Ammonia/hydrogen-fueled combustion represents a very promising solution for the future energy scenario. This study aims to shed light and understand the behavior of ammonia/hydrogen blends under flameless conditions. A first-of-its-kind experimental campaign was conducted to test fuel flexibility for different ammonia/hydrogen blends in a flameless burner, varying the air injector and the equivalence ratio. NO emissions increased drastically after injecting a small amount of NH₃ in pure hydrogen (10% by volume). An optimum trade-off between NOx emission and ammonia slip was found when working sufficiently close to stoichiometric conditions (ϕ = 0.95). In general, a larger air injector (ID25) reduces the emissions, especially at ϕ = 0.8. A well-stirred reactor network with exhaust recirculation was developed exchanging information with computational fluid dynamics (CFD) simulations, to model chemistry in diluted conditions. Such a simplified system was then used in two ways: 1) to explain the experimental trends of NOx emissions varying the ammonia molar fraction within the fuel blend and 2) to perform an uncertainty quantification study. A sensitivity study coupled with latin hypercube sampling (LHS) was used to evaluate the impact of kinetic uncertainties on NOx prediction in a well-stirred reactor network model. The influence of the identified uncertainties was then tested in more complex numerical models, such as Reynolds-averaged Navier–Stokes (RANS) simulations of the furnace. The major over-predictions of existing kinetic scheme was then alleviated significantly, confirming the crucial role of detailed kinetic mechanisms for accurate predictive simulations of NH₃/H₂ mixtures in flameless regime.

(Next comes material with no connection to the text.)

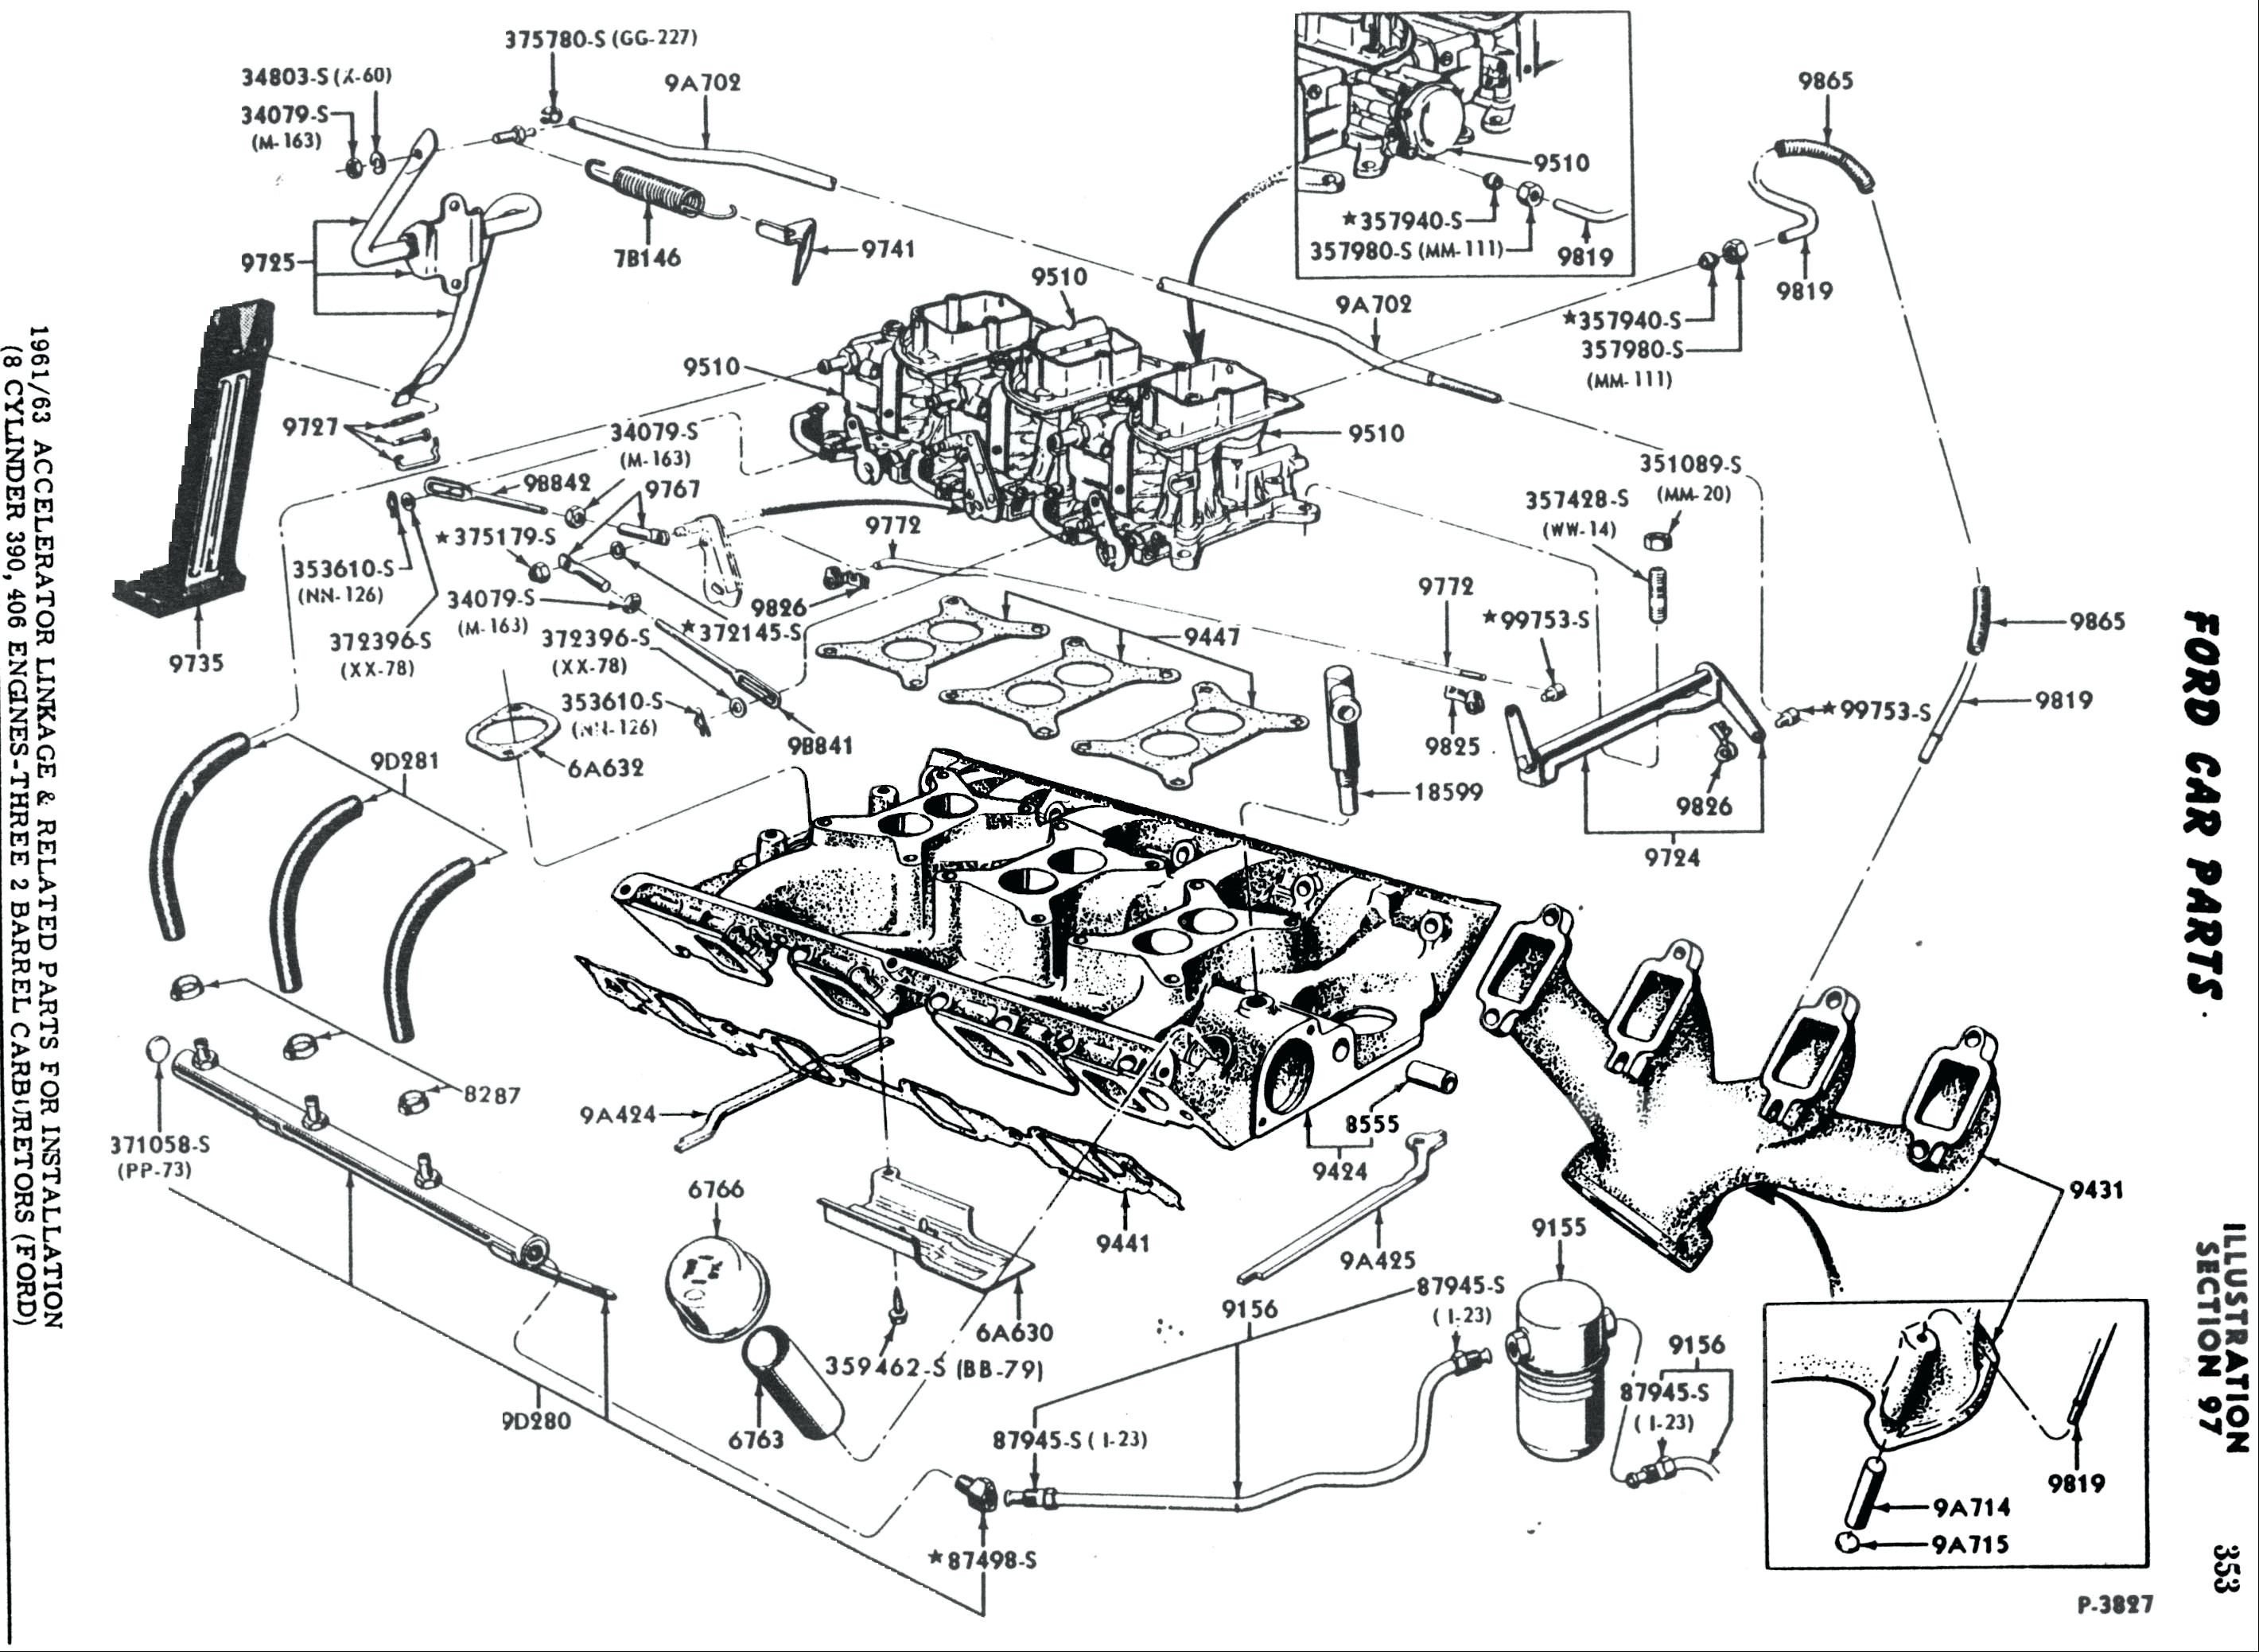 Car Parts Names with Diagram Wrg 7679] Car Engine Schematics Of Car Parts Names with Diagram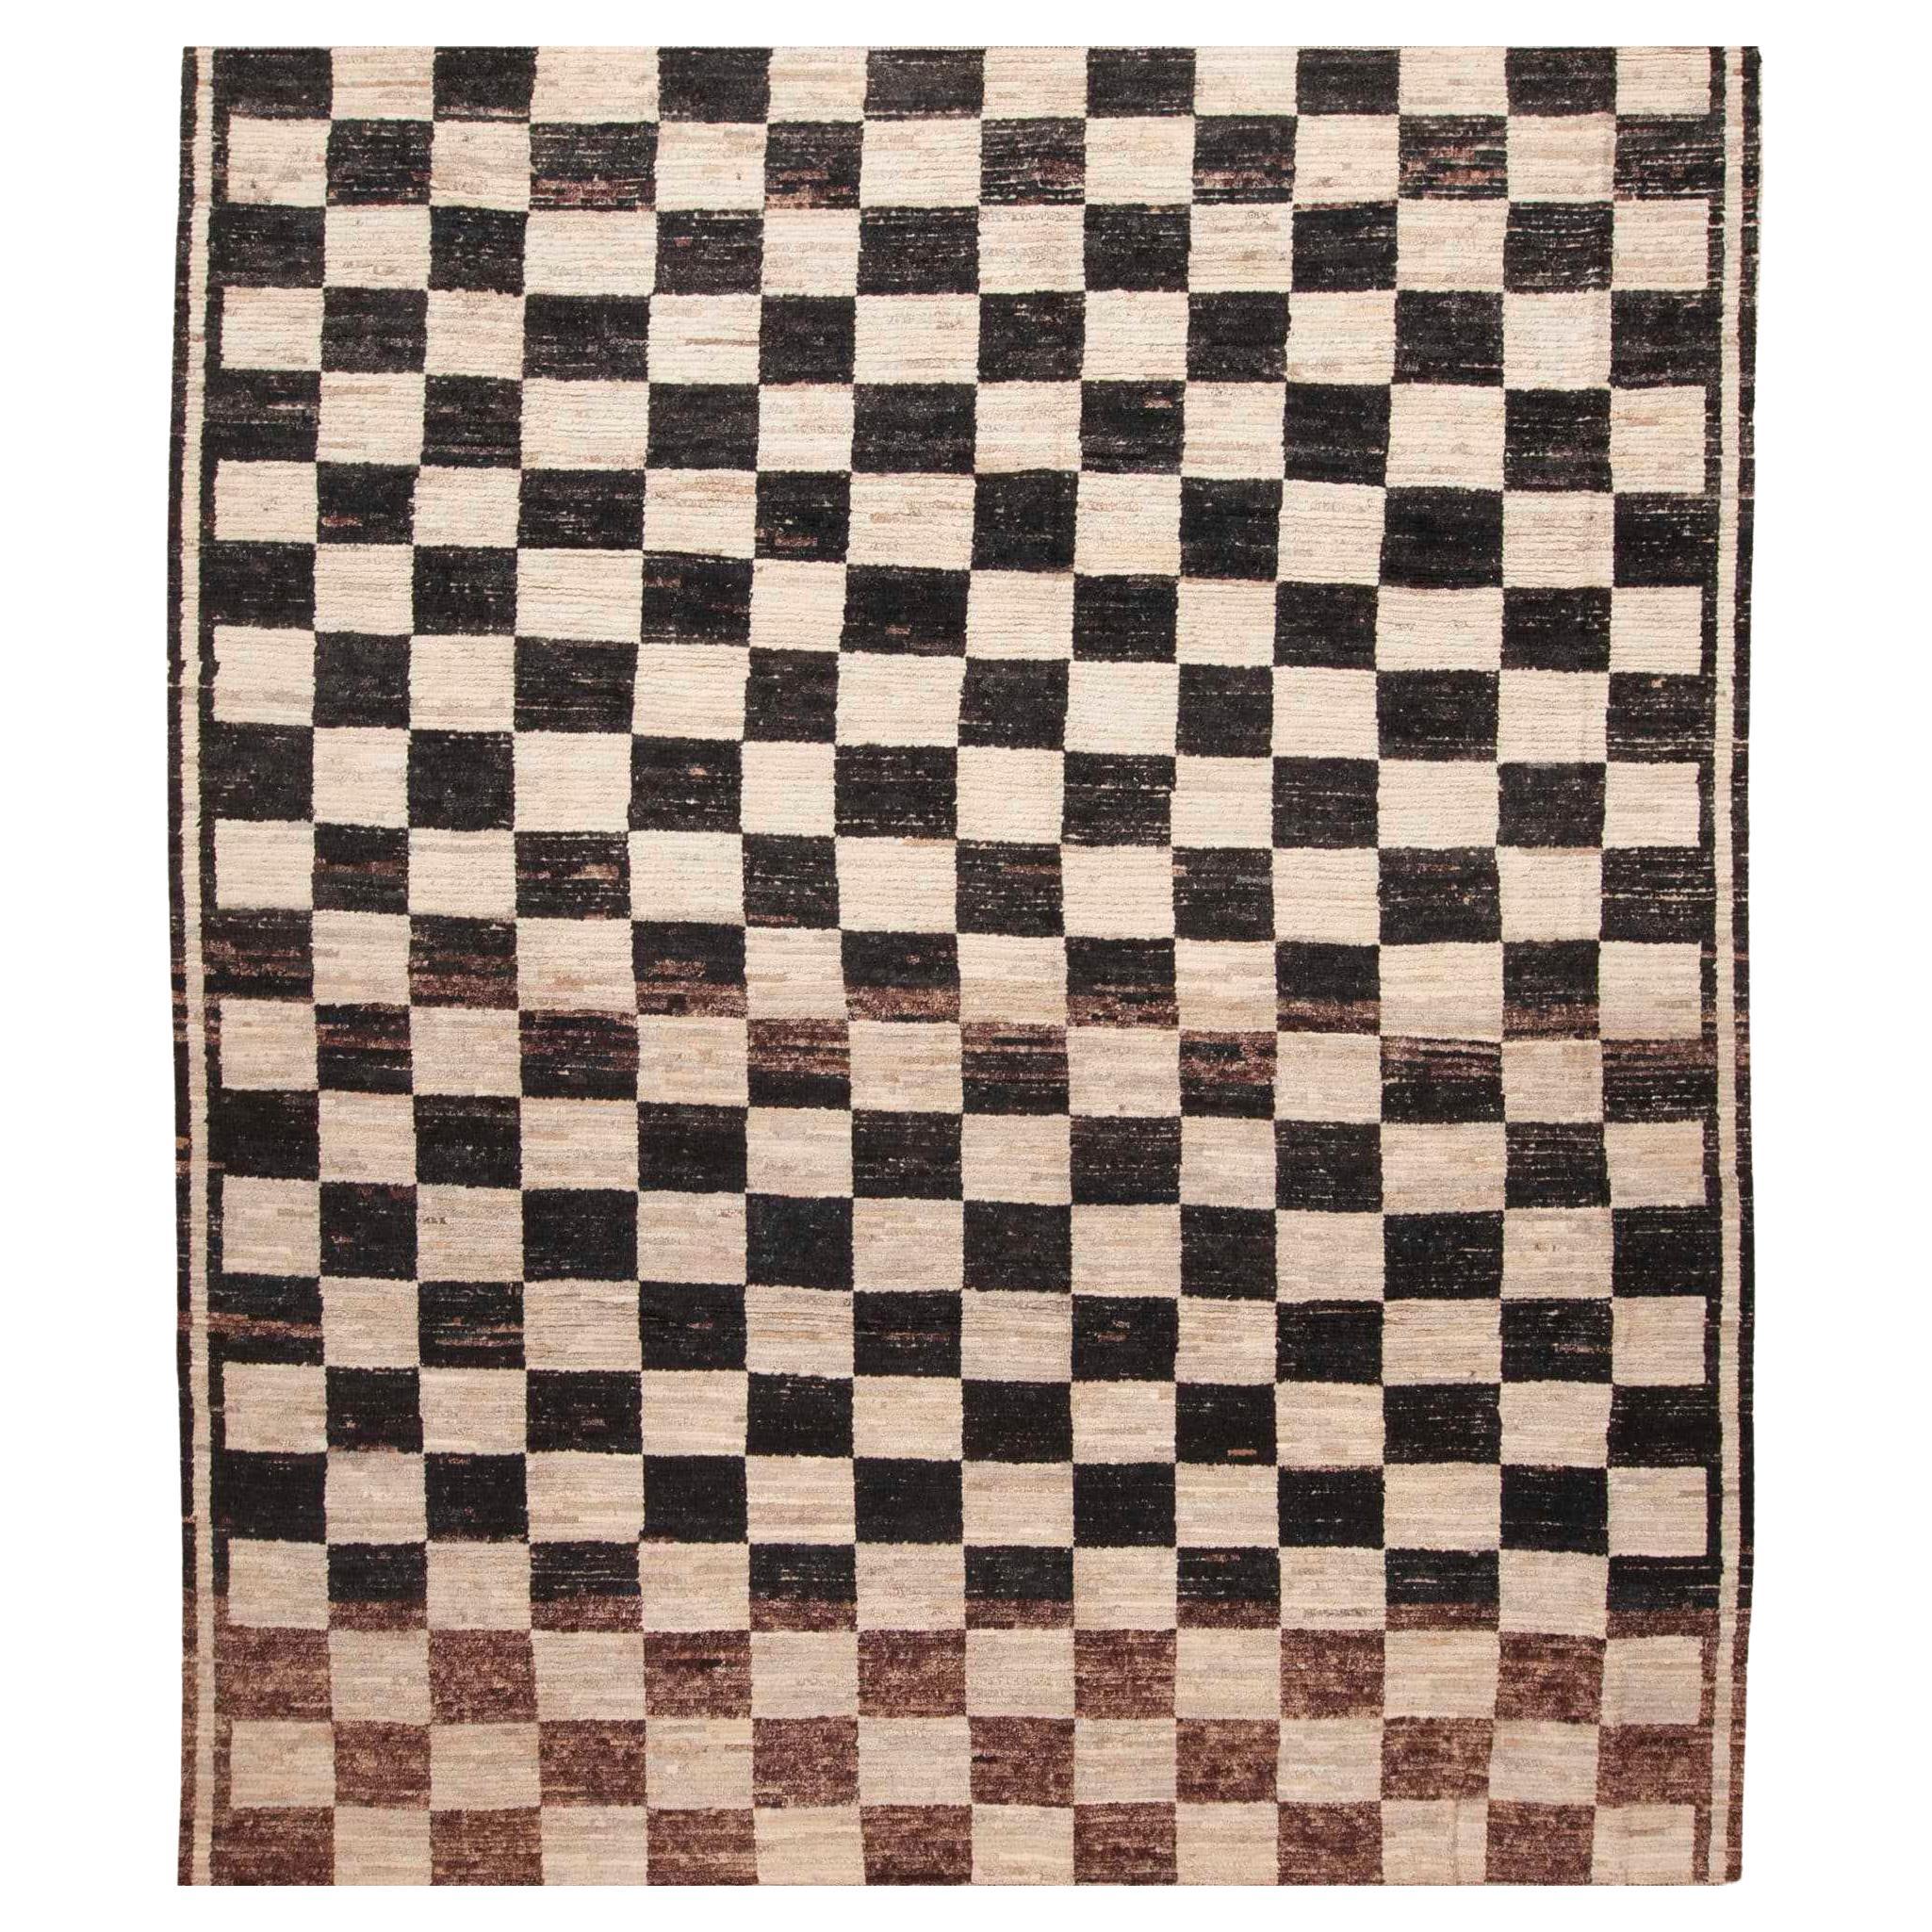 Nazmiyal Collection Tribal Geometric Checkerboard Modern Area Rug 11'7" x 12'5"

氨/氢燃料燃烧是未来能源情景中非常有希望的解决方案。这项研究旨在阐明并了解无焰条件下氨/氢混合物的行为。开展了首例试验活动，以测试无焰燃烧器中不同氨/氢混合物的燃料灵活性，并改变了空气喷射器和当量比。将少量的NH ₃注入纯氢（体积百分比为10％）后，NO排放量急剧增加。当在足够接近化学计量条件的条件下工作时，发现了NOx排放与氨泄漏之间的最佳平衡（ϕ= 0.95）。通常，较大的空气喷射器（ID25）可以减少排放，尤其是在ϕ= 0.8。开发了一个搅拌良好的带有排气再循环的反应器网络，并与计算流体动力学（CFD）模拟交换信息，以模拟稀释条件下的化学反应。然后，以两种方式使用这种简化的系统：1）解释NOx排放的实验趋势，该趋势会改变燃料混合物中的氨摩尔分数； 2）进行不确定性定量研究。在一个搅拌良好的反应堆网络模型中，将敏感性研究与拉丁文超立方采样（LHS）结合使用，以评估动力学不确定性对NOx预测的影响。然后，在更复杂的数值模型中测试已识别不确定性的影响，例如雷诺平均炉膛的Navier-Stokes（RANS）模拟。然后，可以大大缓解现有动力学方案的主要过高预测，₃ / H ₂混合物，无焰状态。